Description of the task – Each entry is to be given again word for word; images are dropped.

Supplied information Block Start

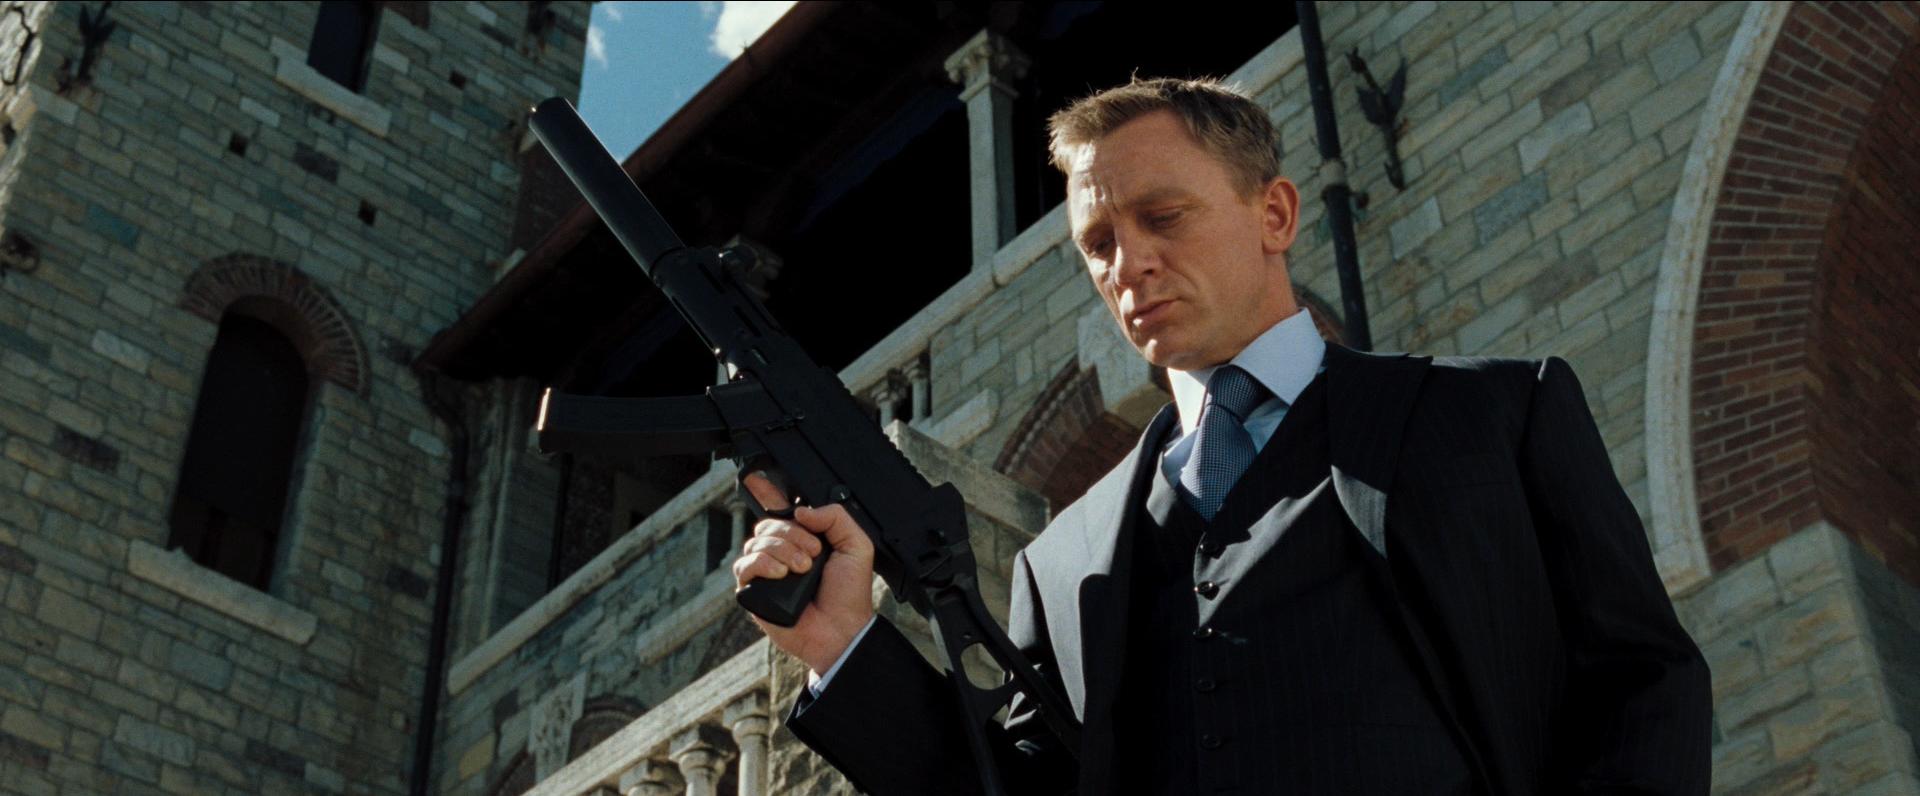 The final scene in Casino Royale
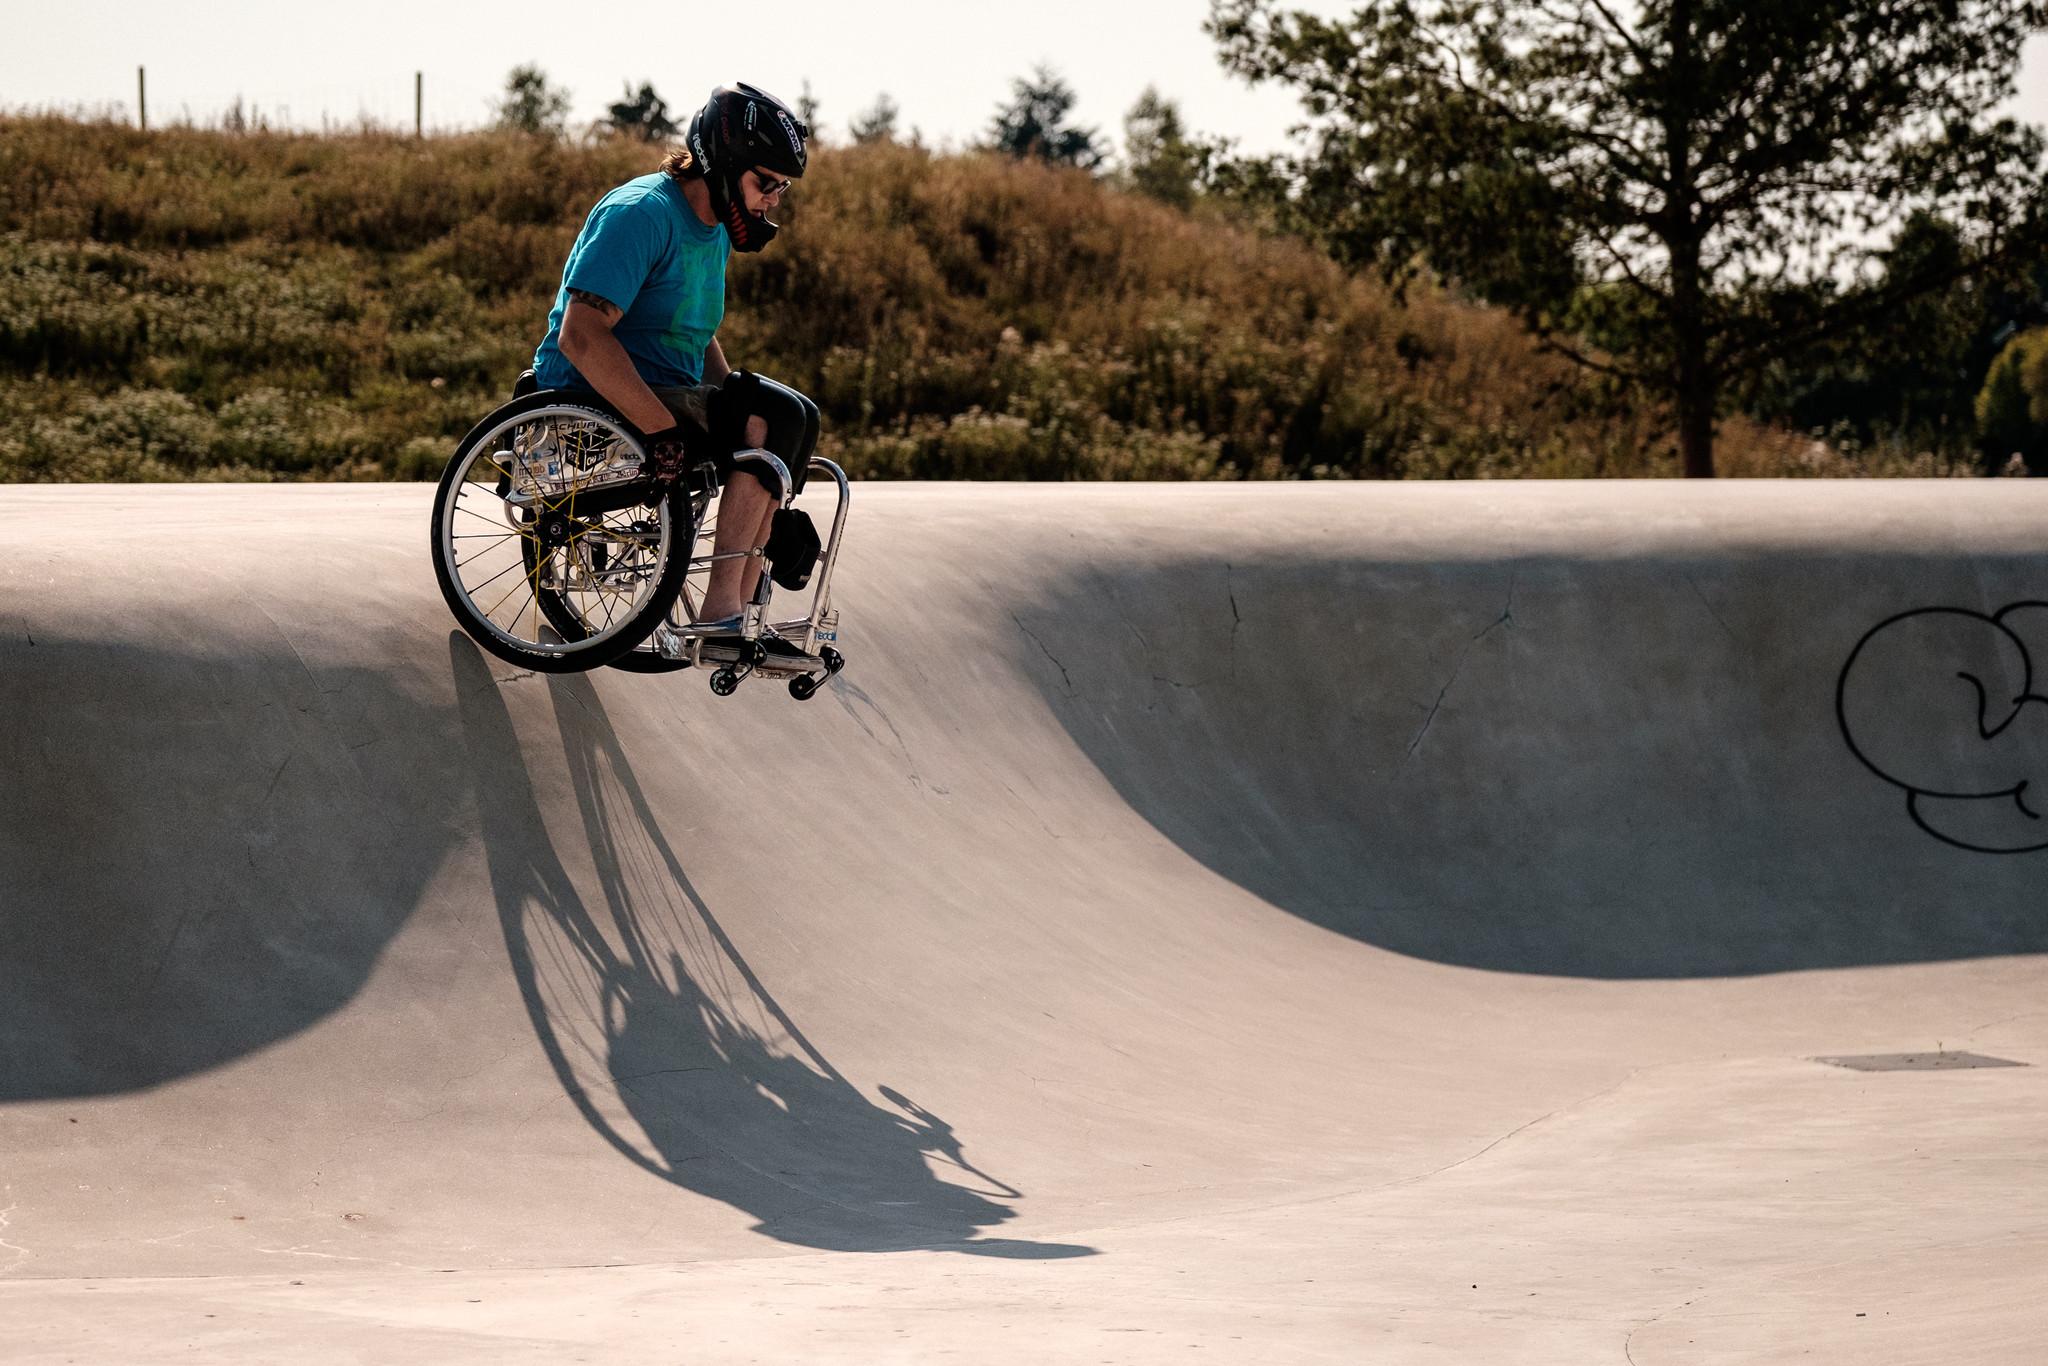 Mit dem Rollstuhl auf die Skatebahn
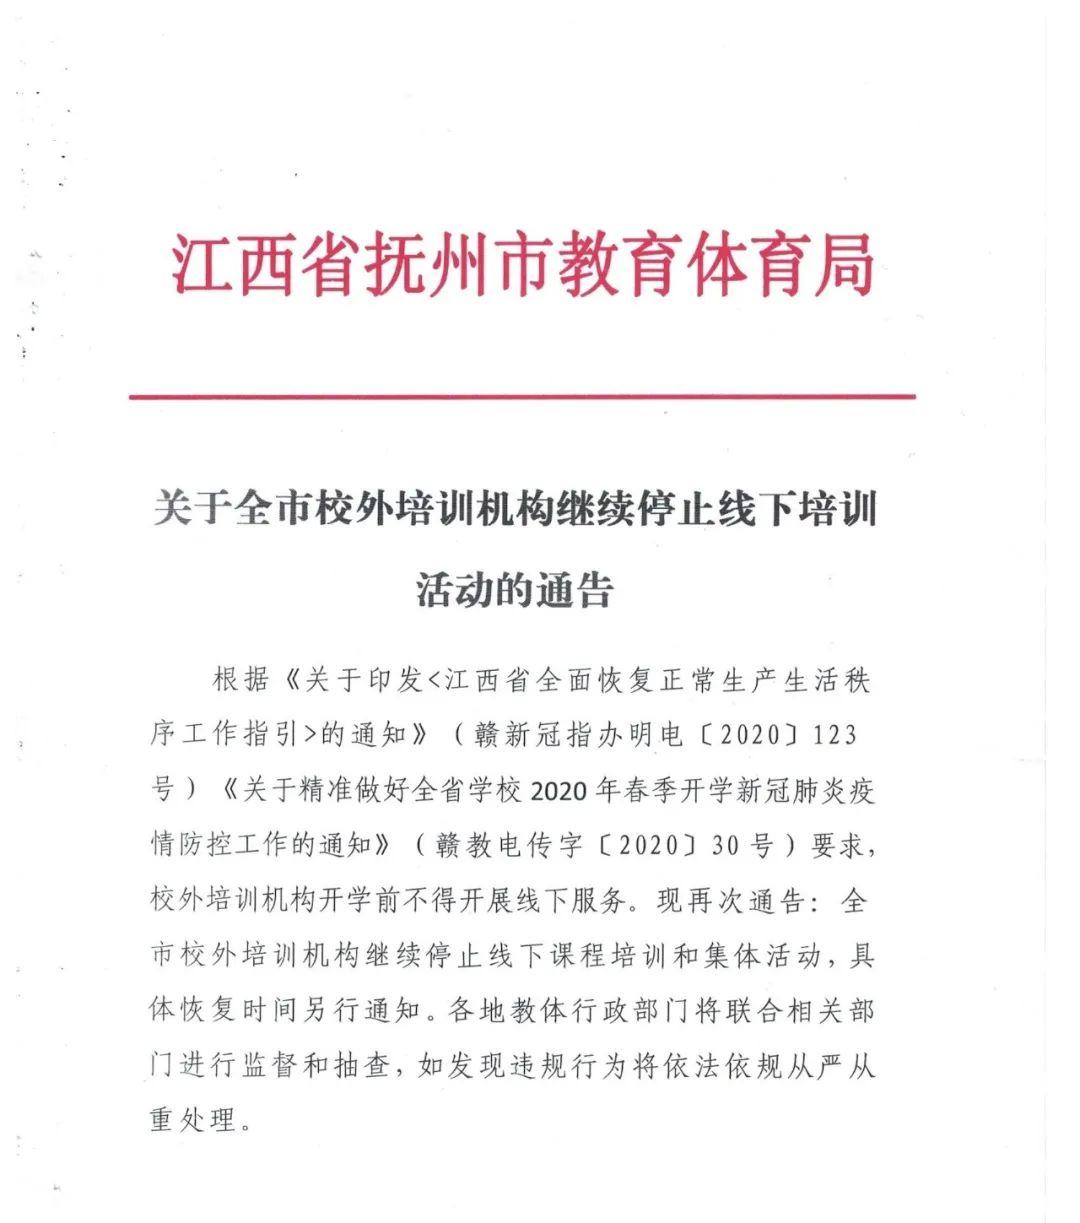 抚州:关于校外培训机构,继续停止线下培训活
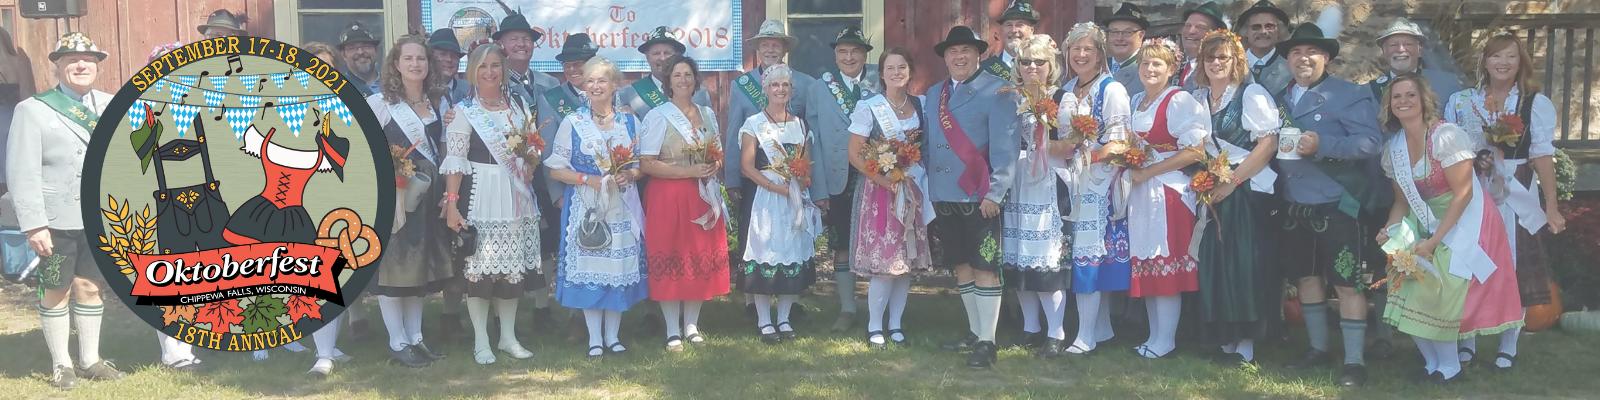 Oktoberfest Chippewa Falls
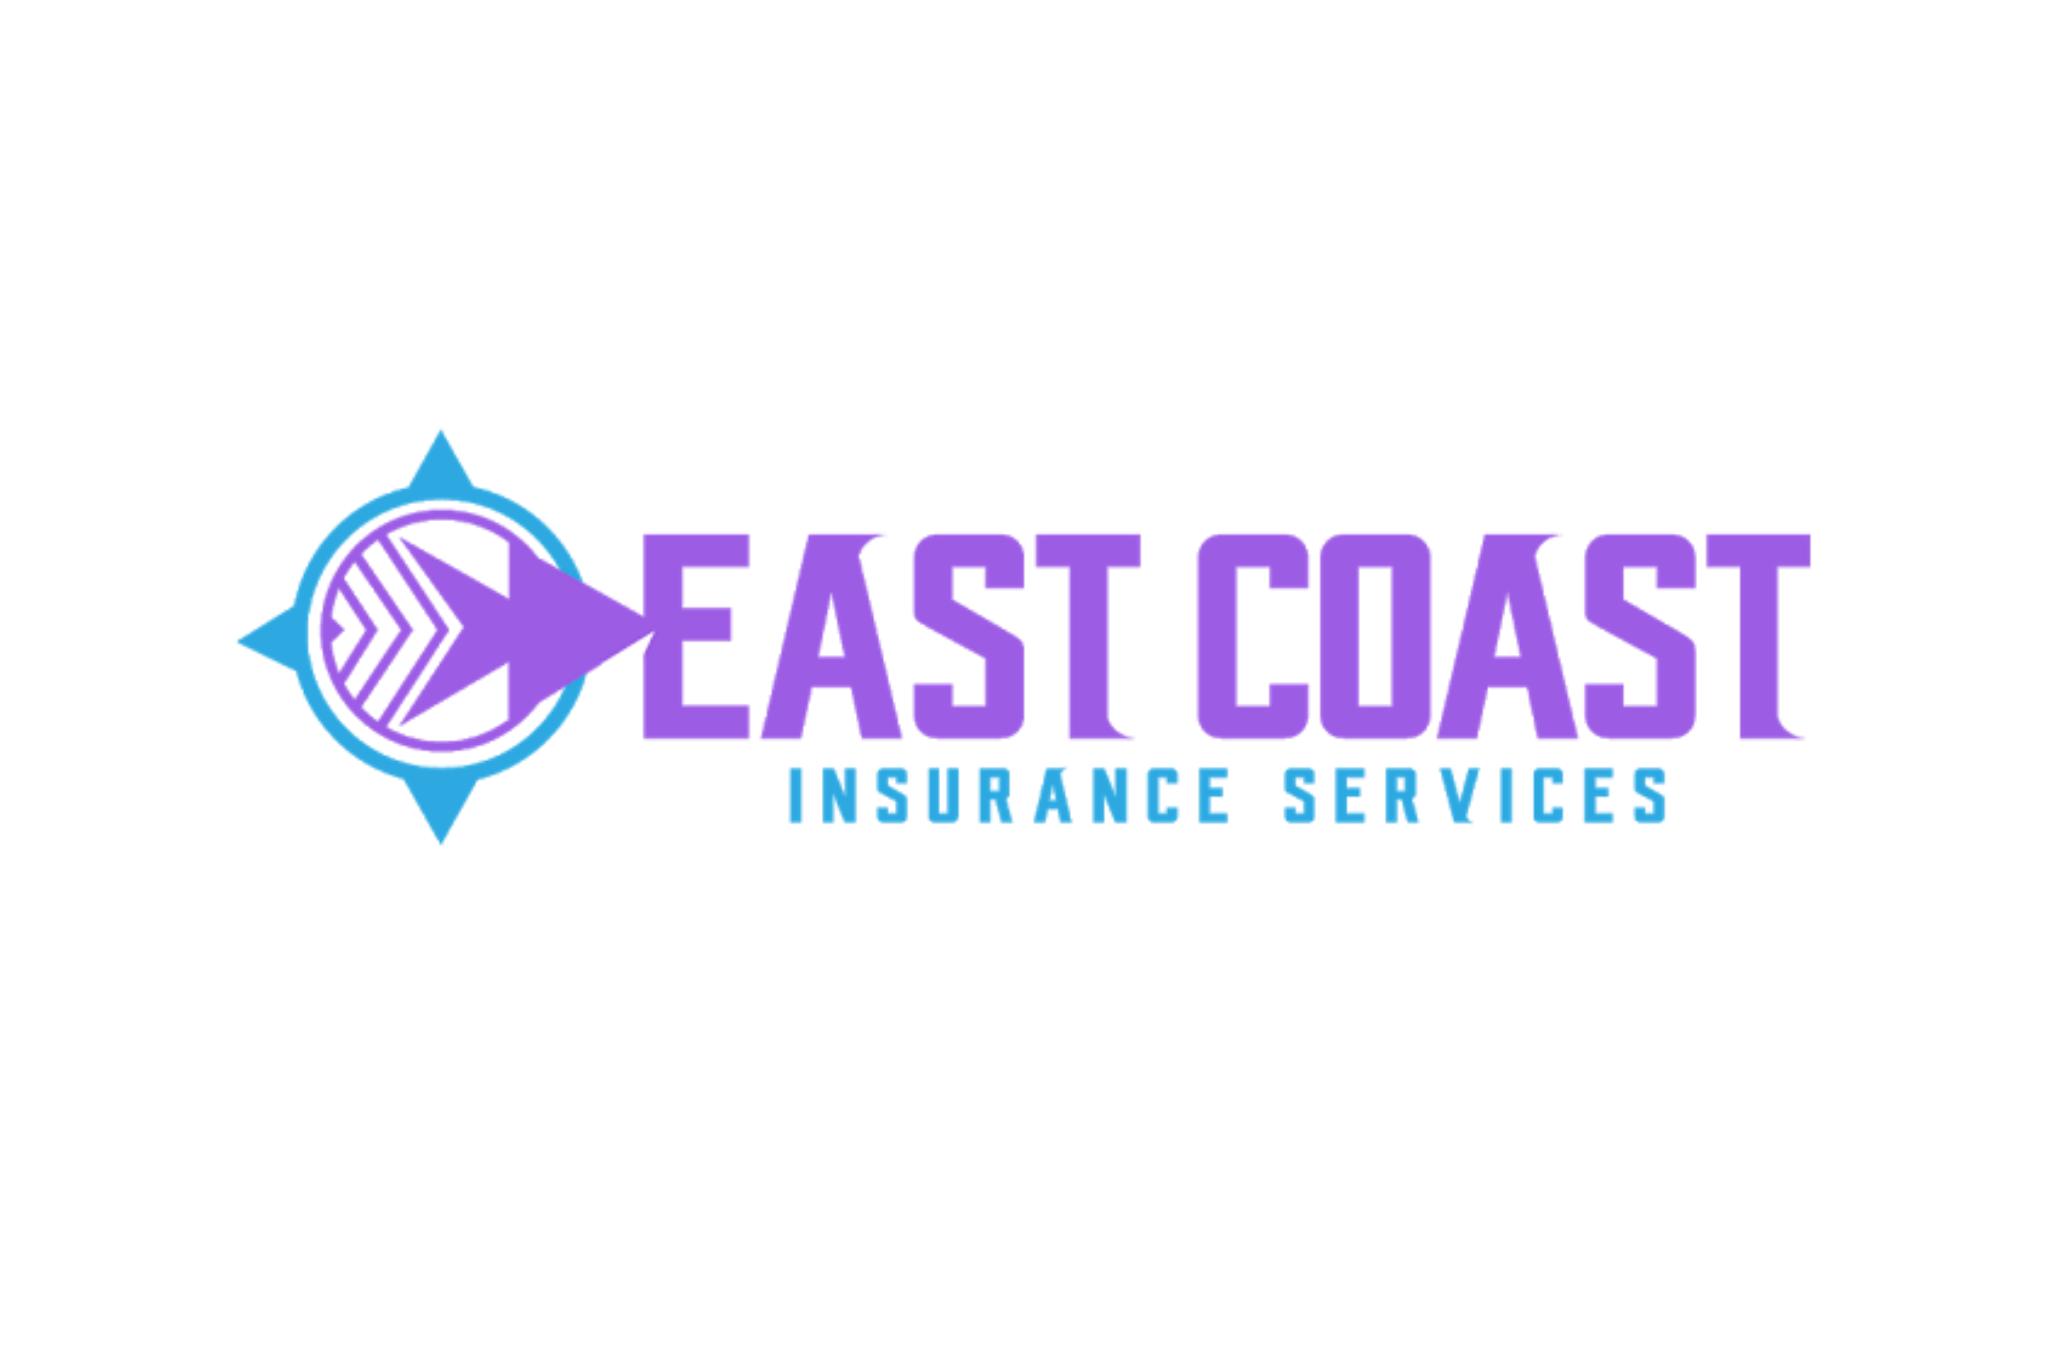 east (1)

Supplied information Block End

Response –
 The final scene in Casino Royale
 Mit dem Rollstuhl auf die Skatebahn
 抚州:关于校外培训机构,继续停止线下培训活
 Oktoberfest Chippewa Falls
 east (1)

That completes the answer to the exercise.